Background Breast cancer (BC) prognosis and treatment are closely related to the molecular subtype. The study aimed to evaluate radiomics combined with artificial intelligence (AI) as a promising non-invasive approach to preoperatively distinguish Luminal from non-Luminal BC.
Methods This retrospective pilot study included patients with invasive BC who underwent multiparametric breast MRI with diffusion-weighted imaging (DWI) and apparent diffusion coefficient (ADC) sequences (January 2020-January 2022). Radiomic analysis was conducted using the IBSI-compliant Trace4Research™ platform, incorporating manual segmentation, voxel resampling, feature extraction, and feature reduction. Three machine learning (ML) architectures—Random Forest, Support Vector Machine (SVM), and k-Nearest Neighbors (kNN)—were trained using nested 10-fold cross-validation. Model performance was assessed using ROC-AUC, accuracy, sensitivity, specificity, positive predictive value (PPV), and negative predictive value (NPV).
Results The study involved 73 patients (37 non-Luminal, 36 Luminal), with additional 24 cases for independent testing. Among various ML models, the SVM classifier demonstrated optimal performance, achieving a ROC-AUC of 75%, accuracy of 73%, sensitivity of 70%, specificity of 75%, PPV of 74%, and NPV of 71%. External validation, albeit limited, indicated promising potential for clinical application. Statistical analysis identified six significant radiomic predictors contributing effectively to subtype differentiation.
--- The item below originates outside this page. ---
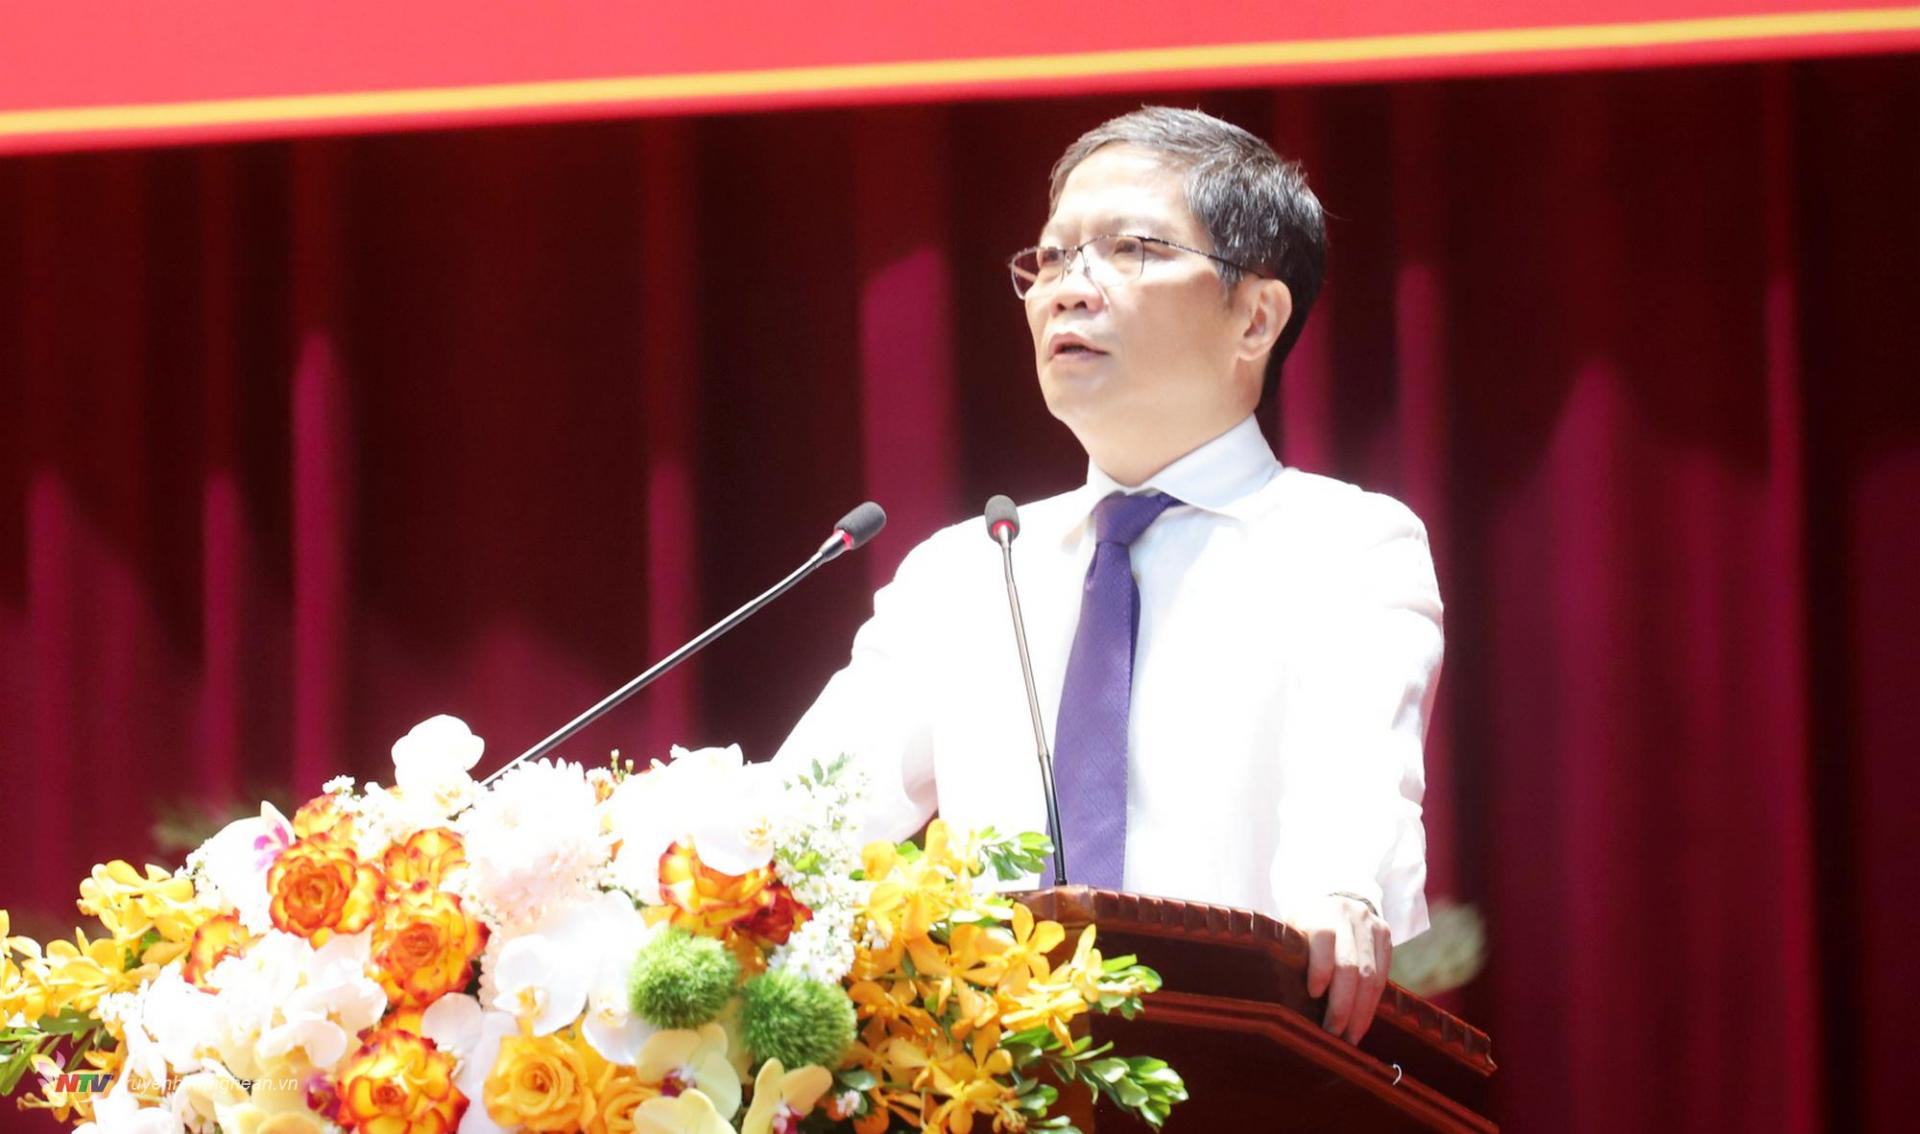 Đồng chí Trần Tuấn Anh, Ủy viên Bộ Chính trị, Trưởng ban Kinh tế Trung ương quán triệt Nghị quyết số 39-NQ/TW về xây dựng và phát triển tỉnh Nghệ An đến năm 2023, tầm nhìn đến năm 2045.
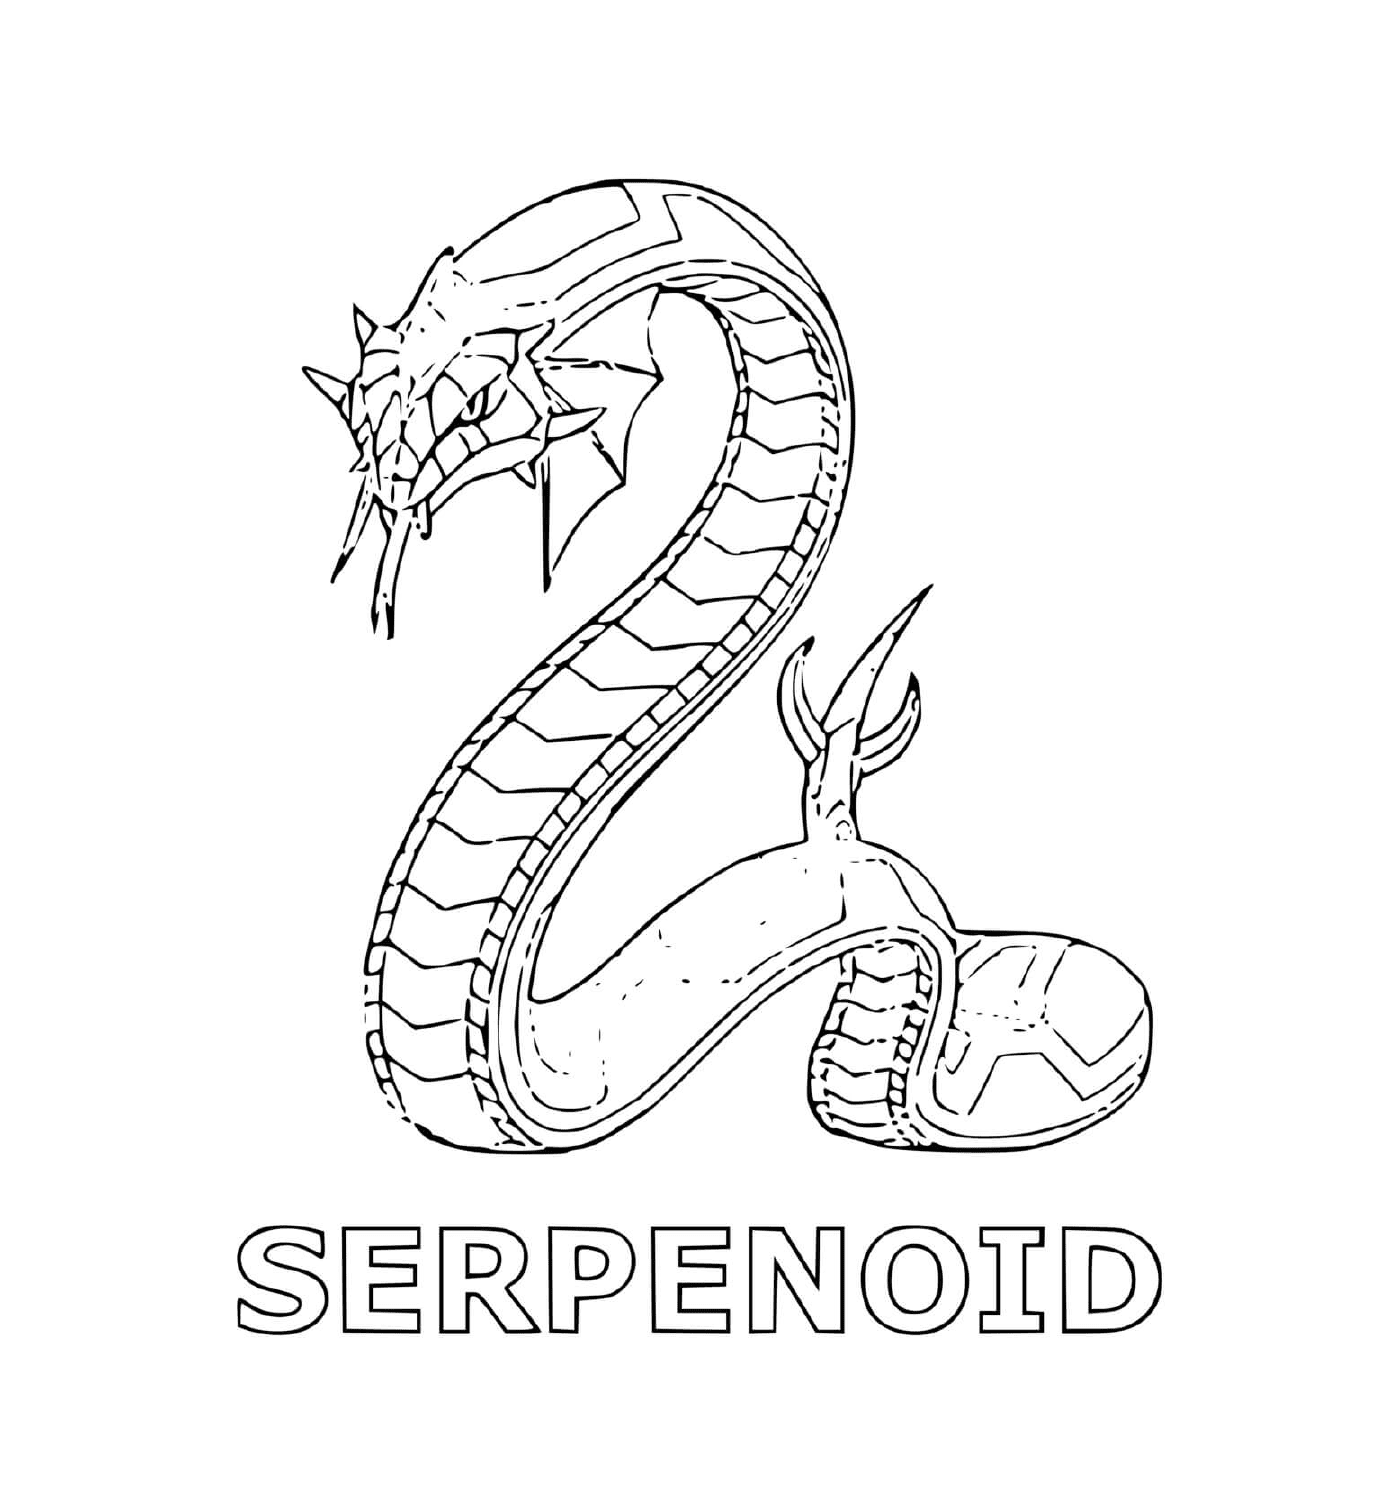  una serpiente con la palabra serpenoide debajo

Conclusion Despite moderate performance, the results highlighted the significant clinical potential of using radiomics and machine learning analysis of DWI/ADC sequences to non-invasively classify BC molecular subtypes, in order to improve preoperative stratification and personalized treatment. Further validation in larger, multi-center studies, and integration with clinical or genomic data, could enhance diagnostic accuracy and clinical applicability.